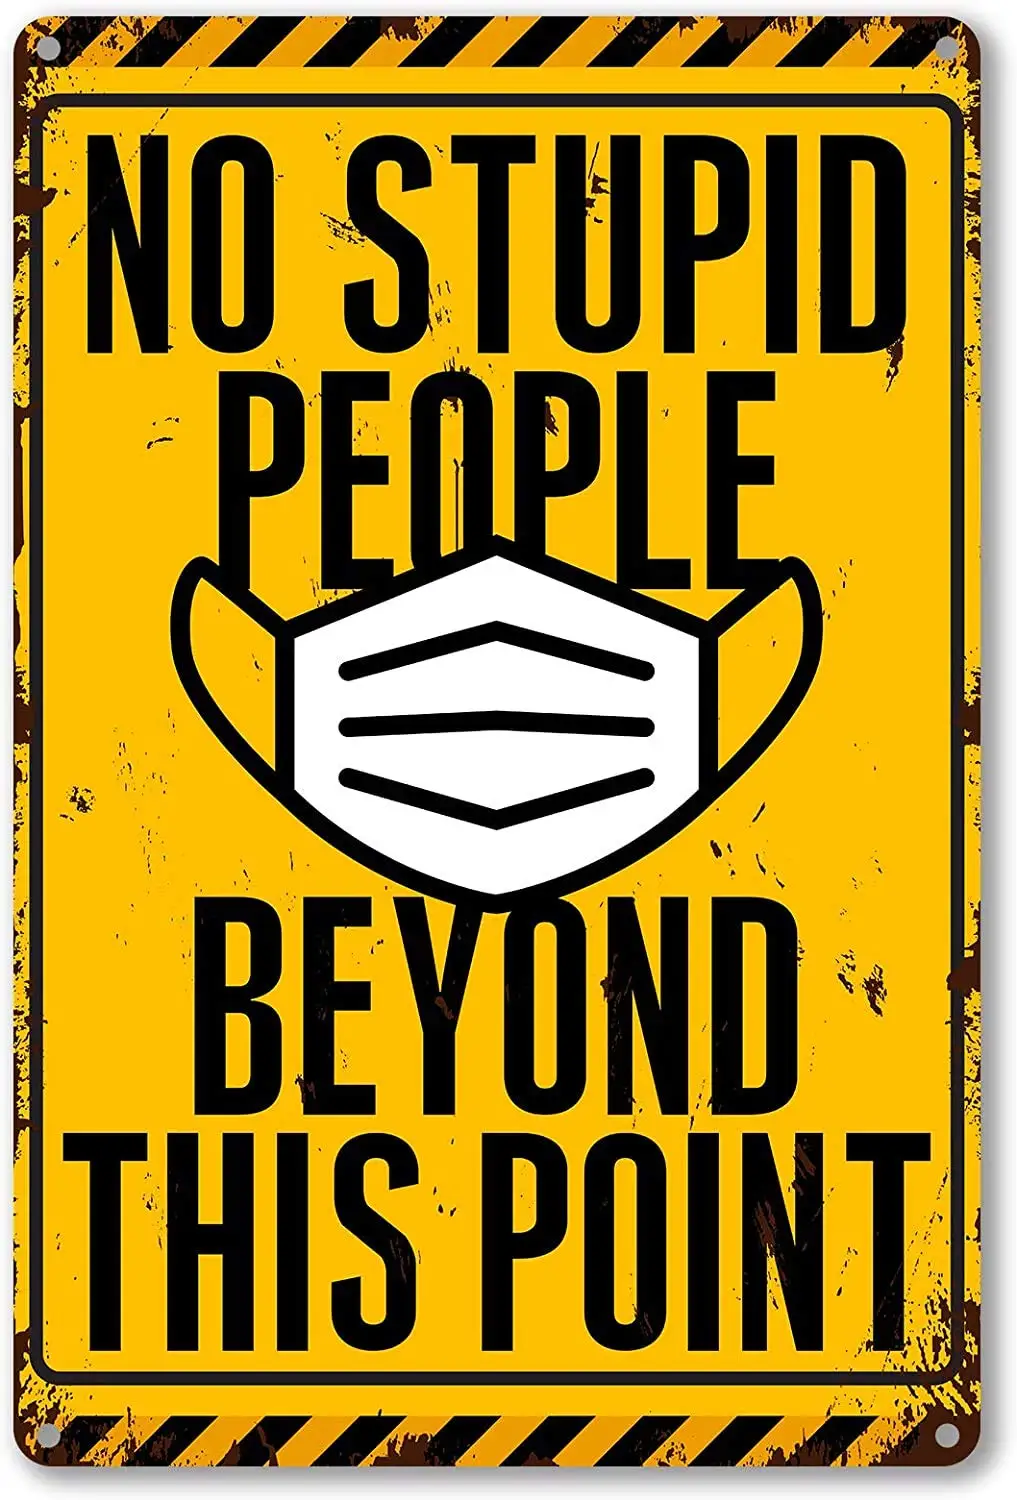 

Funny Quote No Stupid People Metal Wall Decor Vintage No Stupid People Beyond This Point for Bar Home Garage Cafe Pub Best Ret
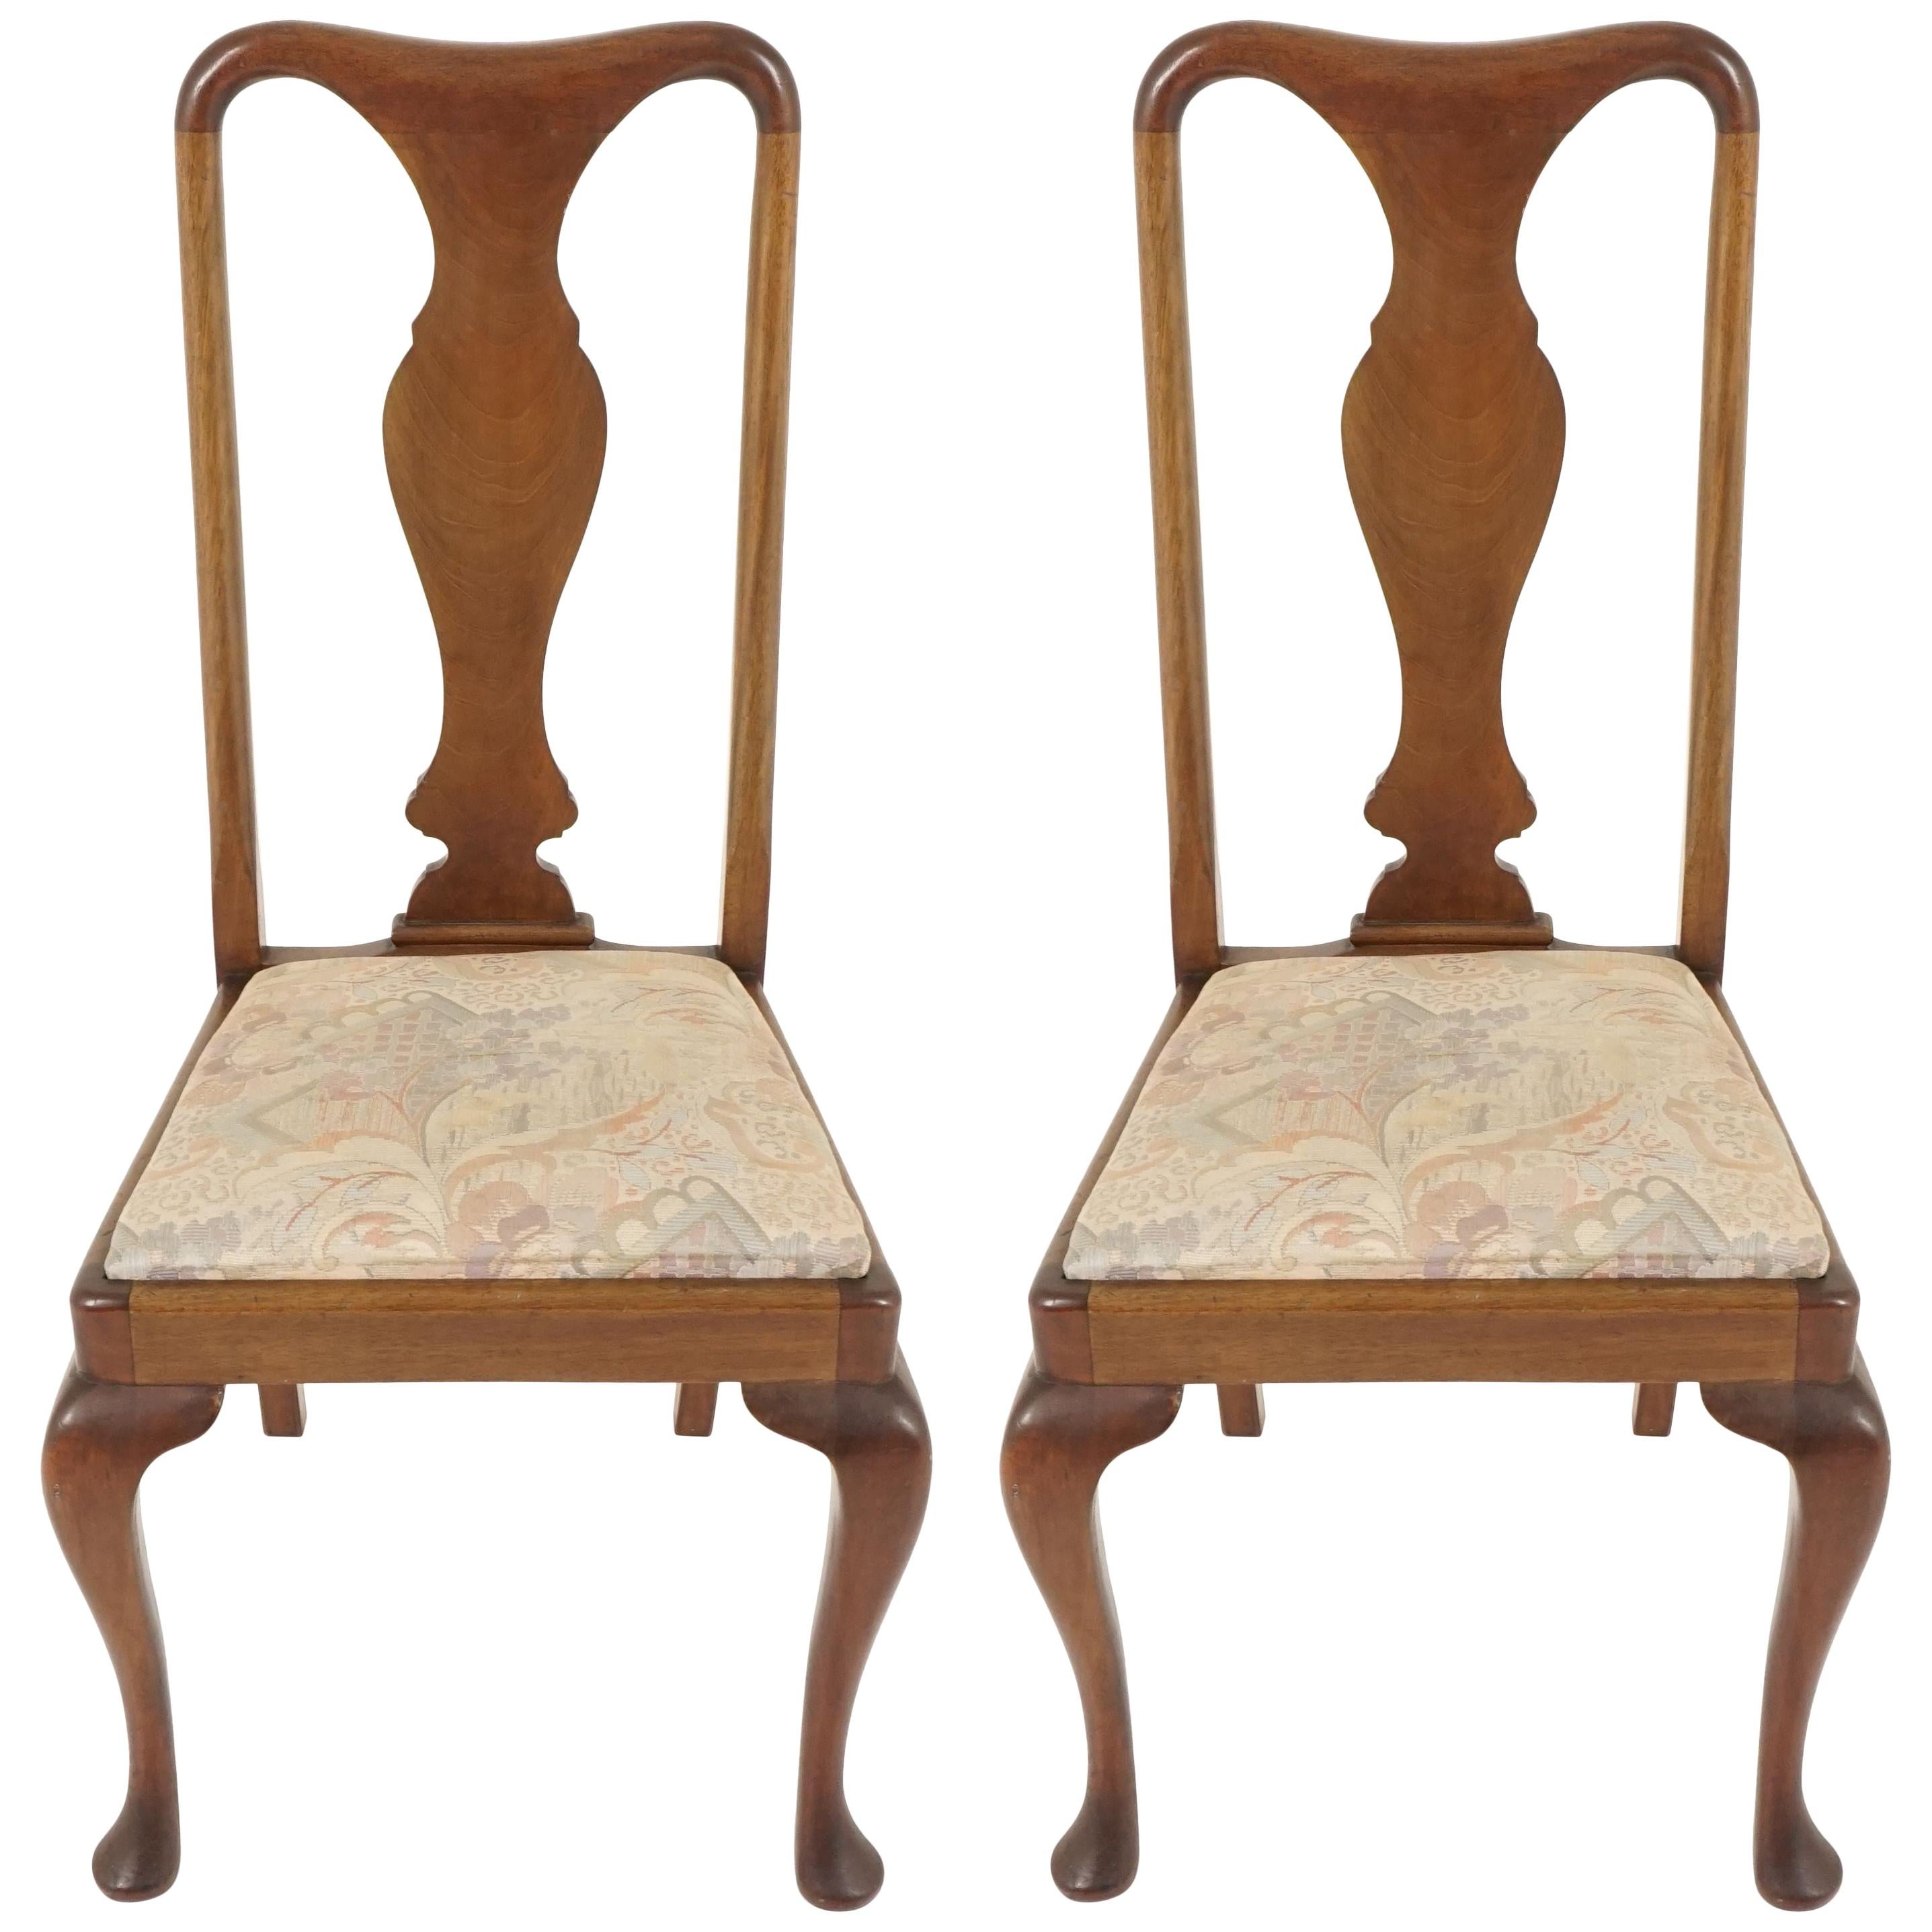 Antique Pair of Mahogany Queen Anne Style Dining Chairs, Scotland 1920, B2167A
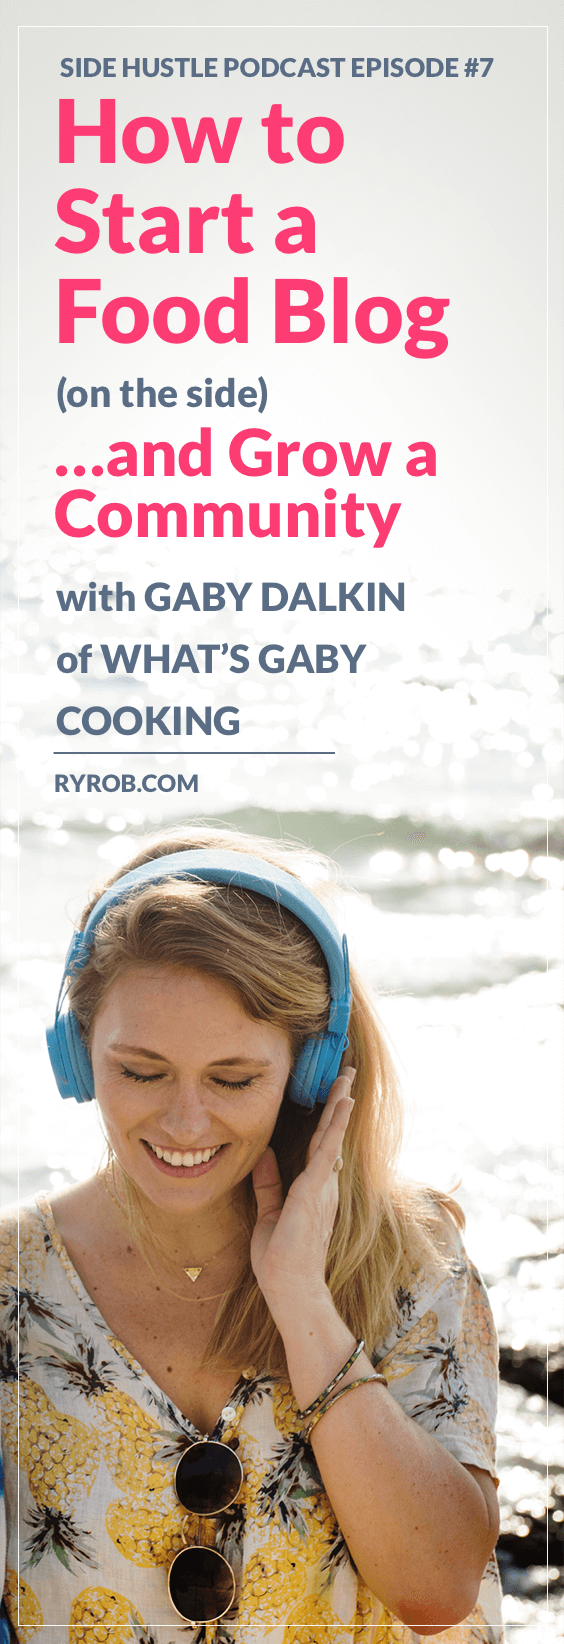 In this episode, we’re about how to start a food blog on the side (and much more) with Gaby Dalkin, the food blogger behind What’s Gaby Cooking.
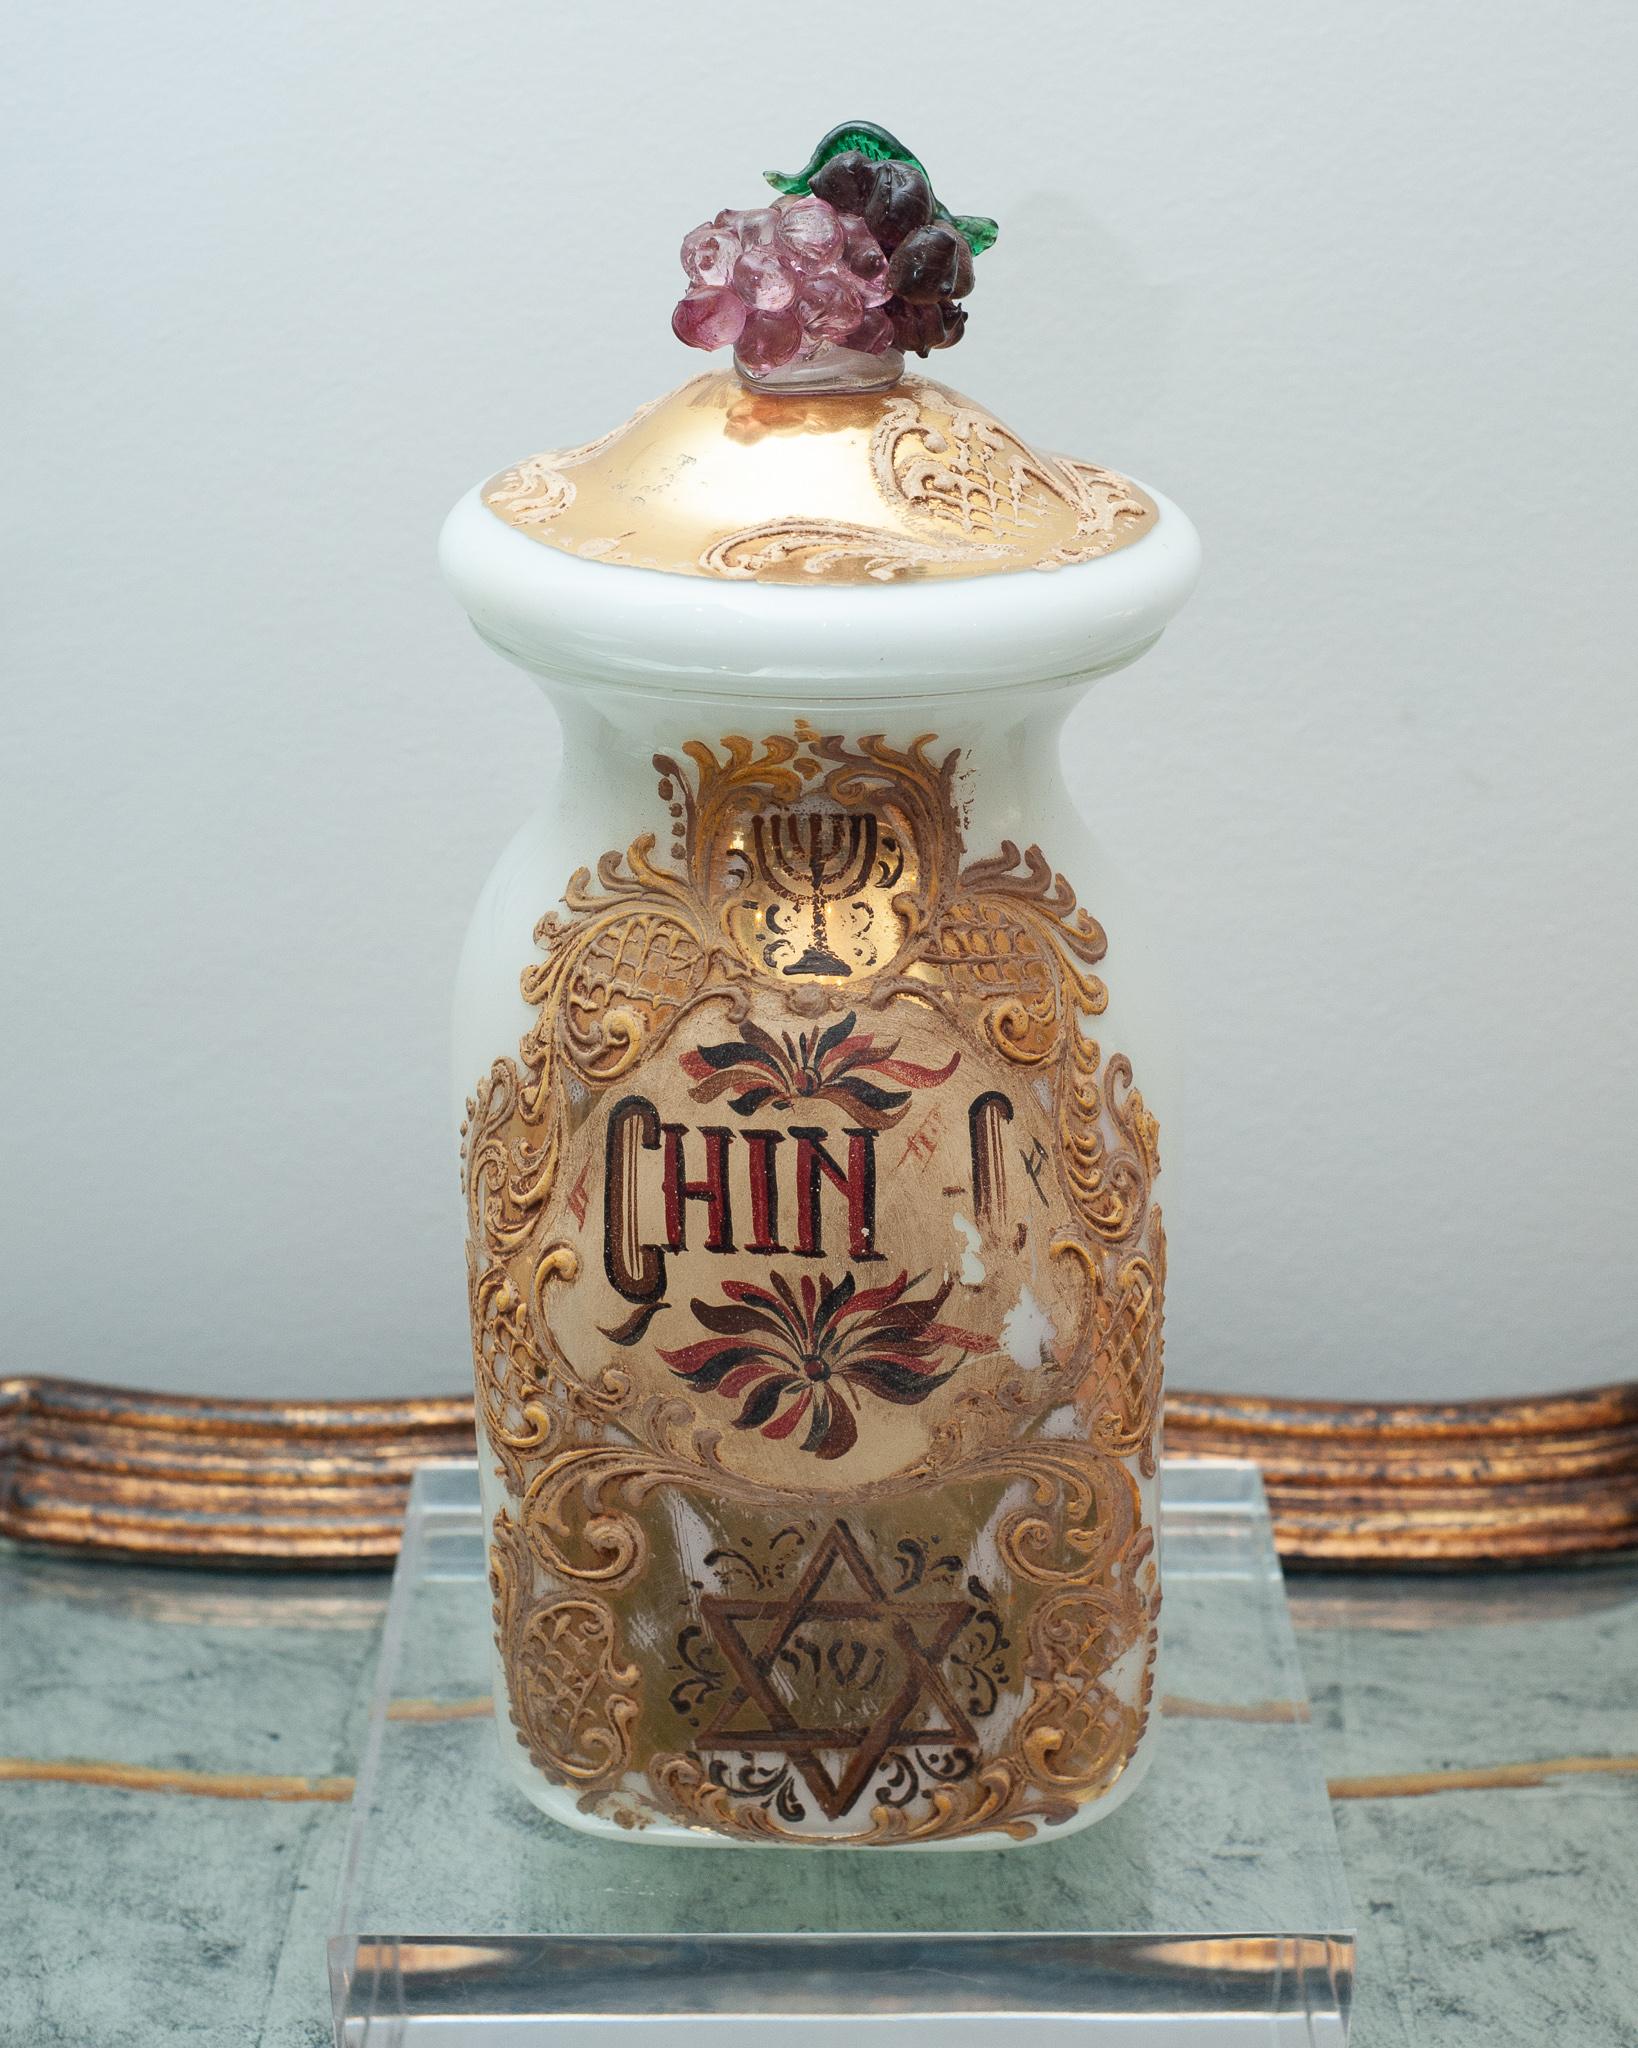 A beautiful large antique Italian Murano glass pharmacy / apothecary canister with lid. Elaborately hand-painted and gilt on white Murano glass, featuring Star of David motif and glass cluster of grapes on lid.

### Task statement
In the data, the line that contains "Antique Pair of" begins the part to write out; restate it and each line after it word for word through the end, with no pictures.

### Written response
 Antique Pair of Mahogany Queen Anne Style Dining Chairs, Scotland 1920, B2167A
 In this episode, we’re about how to start a food blog on the side (and much more) with Gaby Dalkin, the food blogger behind What’s Gaby Cooking.
 A beautiful large antique Italian Murano glass pharmacy / apothecary canister with lid. Elaborately hand-painted and gilt on white Murano glass, featuring Star of David motif and glass cluster of grapes on lid.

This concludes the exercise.